In the battle of the sexes at the box office over Memorial Day weekend, both lost out to a big green ogre.

“Sex and the City 2,” which had been expected to draw big crowds of women this weekend, ended up grossing less in five days than the first “Sex and the City” film did in its first three, while male-skewing video-game adaptation “Prince of Persia” landed with a thud as the biggest flop of the summer so far.

“Shrek Forever After” easily topped the box office chart, dropping a relatively modest 39% on its second weekend as it sold a studio-estimated $55.7 million in tickets from Friday through Monday in the U.S. and Canada. That’s significantly better than the 56% drop for “Shrek the Third” on Memorial Day weekend in 2007. However, after the new film’s disappointing $70-million start, it’s still well behind its predecessor, which had collected $217.3 million by Memorial Day. DreamWorks Animation’s “Shrek Forever After,” distributed by Paramount Pictures, has taken in $145.5 million domestically so far.

“Sex and the City 2″ had been poised to win the weekend based on pre-release polling. Perhaps hurt by uniformly awful reviews, however, it came in lower than expected, grossing $37.1 million for the four-day holiday weekend and $51.4 million including its opening Thursday. That’s not bad given its production budget of about $95 million, co-financed by Warner Bros.’ New Line Cinema unit and Village Roadshow Pictures. However, it’s less than the $57 million that the first movie based on the long-running HBO series starring Sarah Jessica Parker made on its opening three-day weekend in 2008.

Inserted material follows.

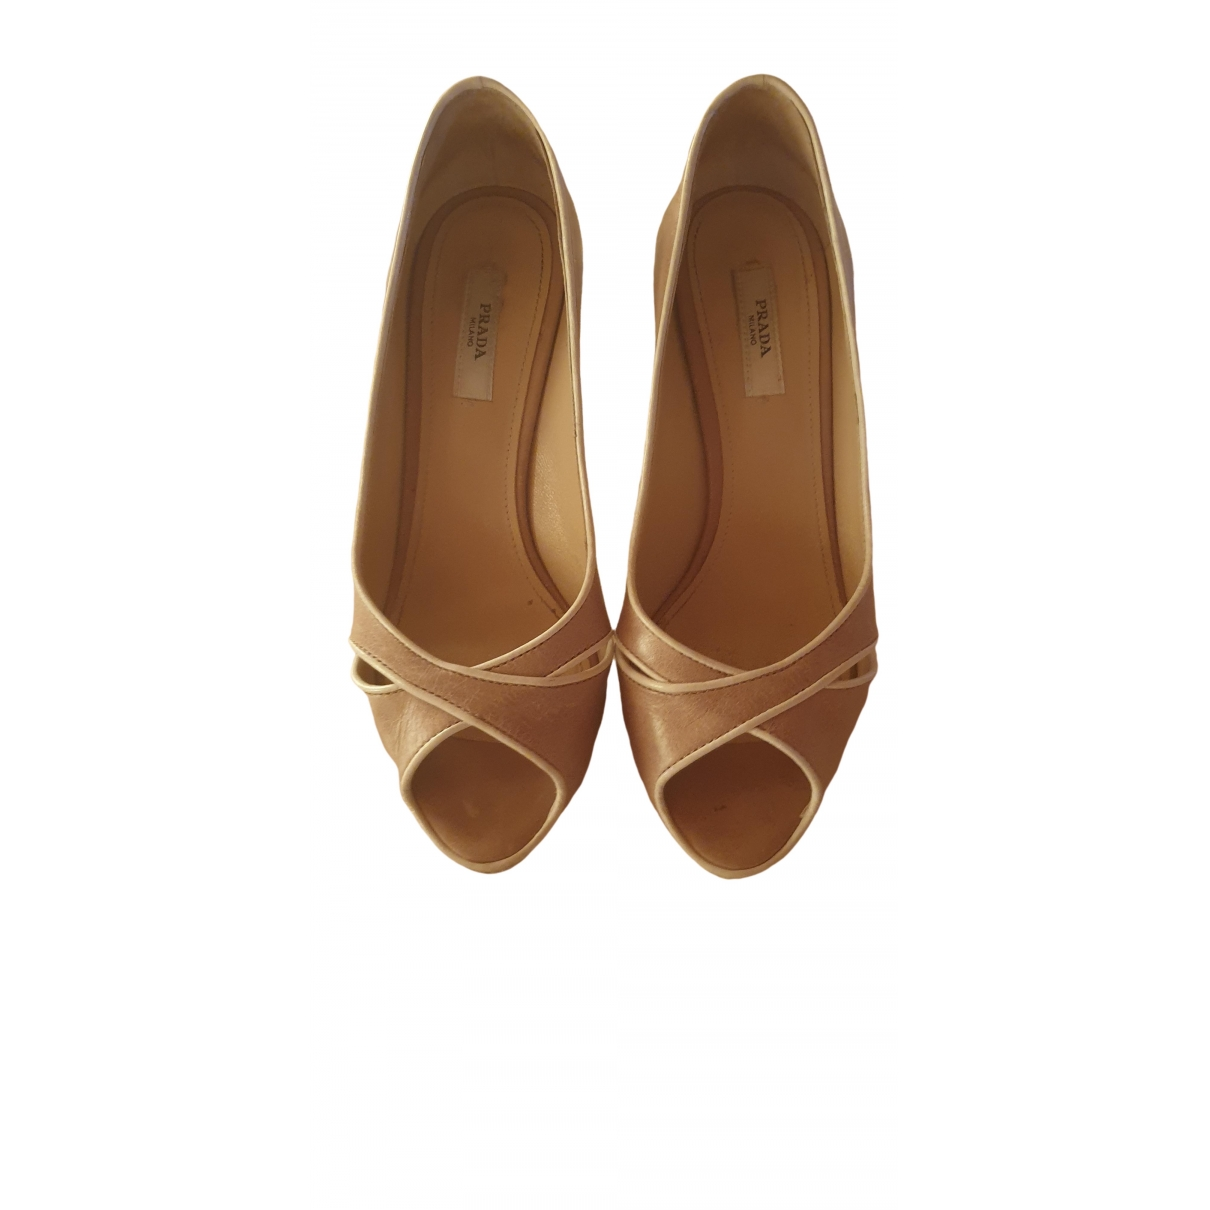 Prada \N Beige Leather Heels for Women 36 EU

Walt Disney Studios’ big-budget “Prince of Persia,” which starred Jake Gyllenhaal, opened to $37.8 million from Friday through Monday, a dismal start given its huge budget of $200 million.

“Persia,” which was produced by Jerry Bruckheimer, did better internationally, though it was far from a huge hit. After opening to $18 million in 19 foreign countries the previous weekend, the action-adventure played in every major foreign country this weekend and took in a solid $59 million through Sunday.

“Sex and the City 2″ played in 17 foreign countries, including Great Britain and Germany, and matched or exceeded its predecessor in most of them, grossing $27.6 million through Sunday.

“Shrek Forever After” is playing in only 15 foreign markets, with most set to open in late June or July after the World Cup. It collected $18.5 million this weekend, with particularly strong results in Russia, increasing its international total to $53.5 million.